Faculty_leticiasaucedo Congratulations to ImmigrationProf blogger and law professor Leticia Saucedo!  Yesterday, the tenured faculty of the William S. Boyd School of Law at the University of Nevada, Las Vegas, UNLV voted unanimously to recommend her tenure and promotion. 

Professor Saucedo earned her J. D. in 1996 from Harvard Law School, where she was managing editor of the Harvard Latino Law Review. Following graduation, she first served as briefing attorney to Chief Justice Thomas Phillips of the Texas Supreme Court, then was an associate of Fried, Frank, Harris, Shriver, and Jacobsen in New York City, where she was the recipient of the Fried Frank MALDEF Fellowship. From 1999 to 2003, she was a staff attorney for the Mexican American Legal Defense and Educational Fund in San Antonio,Texas, where she litigated employment and education cases.
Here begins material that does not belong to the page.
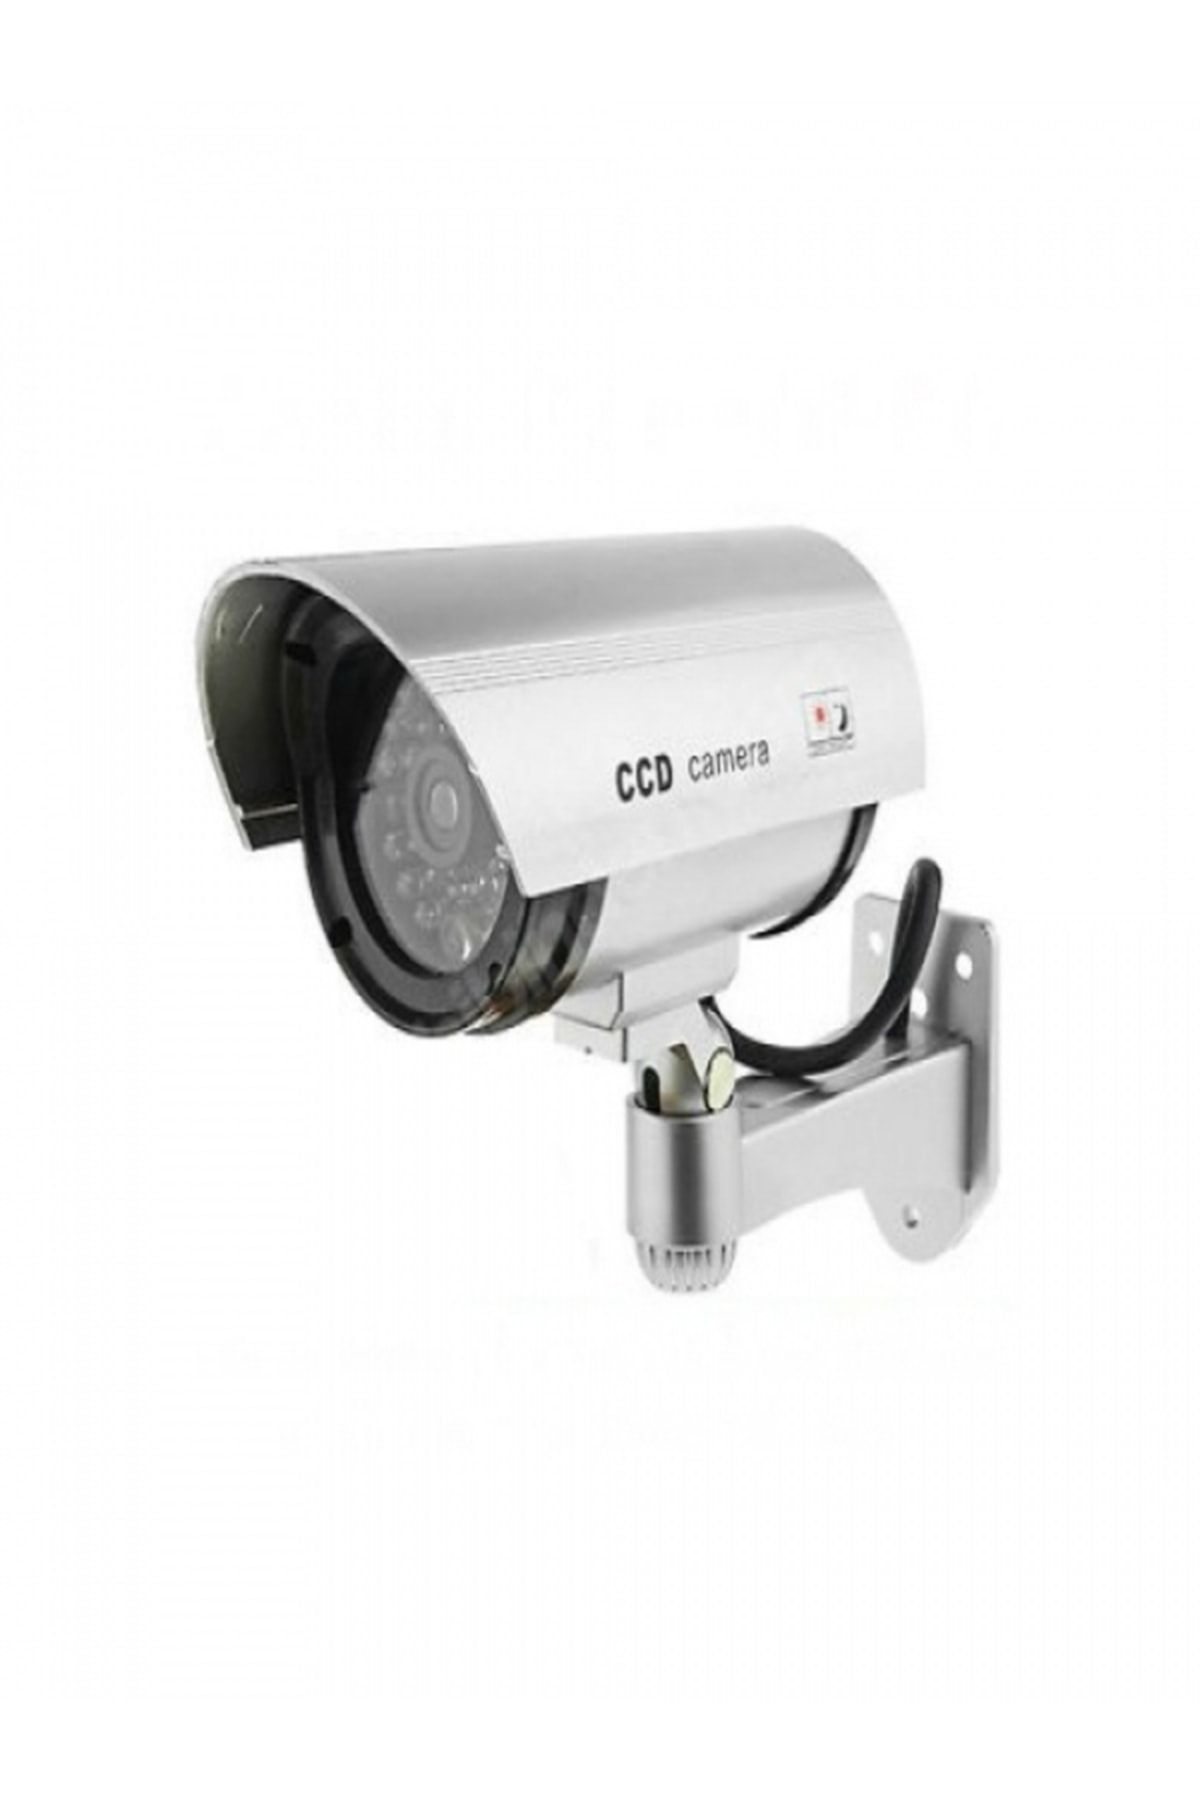 Genel Markalar Caydırıcı Güvenlik Kamerası Gece Görüşlü Model

Professor Saucedo has taught at the University of Nevada, Las Vegas since 2003. She teaches Torts, Immigration Law, and co-directs the Immigration Law Clinic. She has co-developed and taught international and domestic service learning legal courses covering the immigration consequences of crime, and domestic violence in a post-conflict society. Her research interests lie in the intersection between employment and labor law and immigration law. She is co- editing a casebook on Latinos and the law, entitled, The Legal Construction of a Latino Identity. Her articles have appeared in the Notre Dame Law Review, the Ohio State Law Journal, the Immigration and Nationality Law Review, the Buffalo Law Review, the University of Michigan Journal of Law Reform, the Richmond Law Review, and the Hispanic Journal of Behavioral Sciences. Professor Saucedo currently holds a position as a research scholar with the Chief Justice Warren Institute on Race, Ethnicity, and Diversity at the University of California, Berkeley Law School.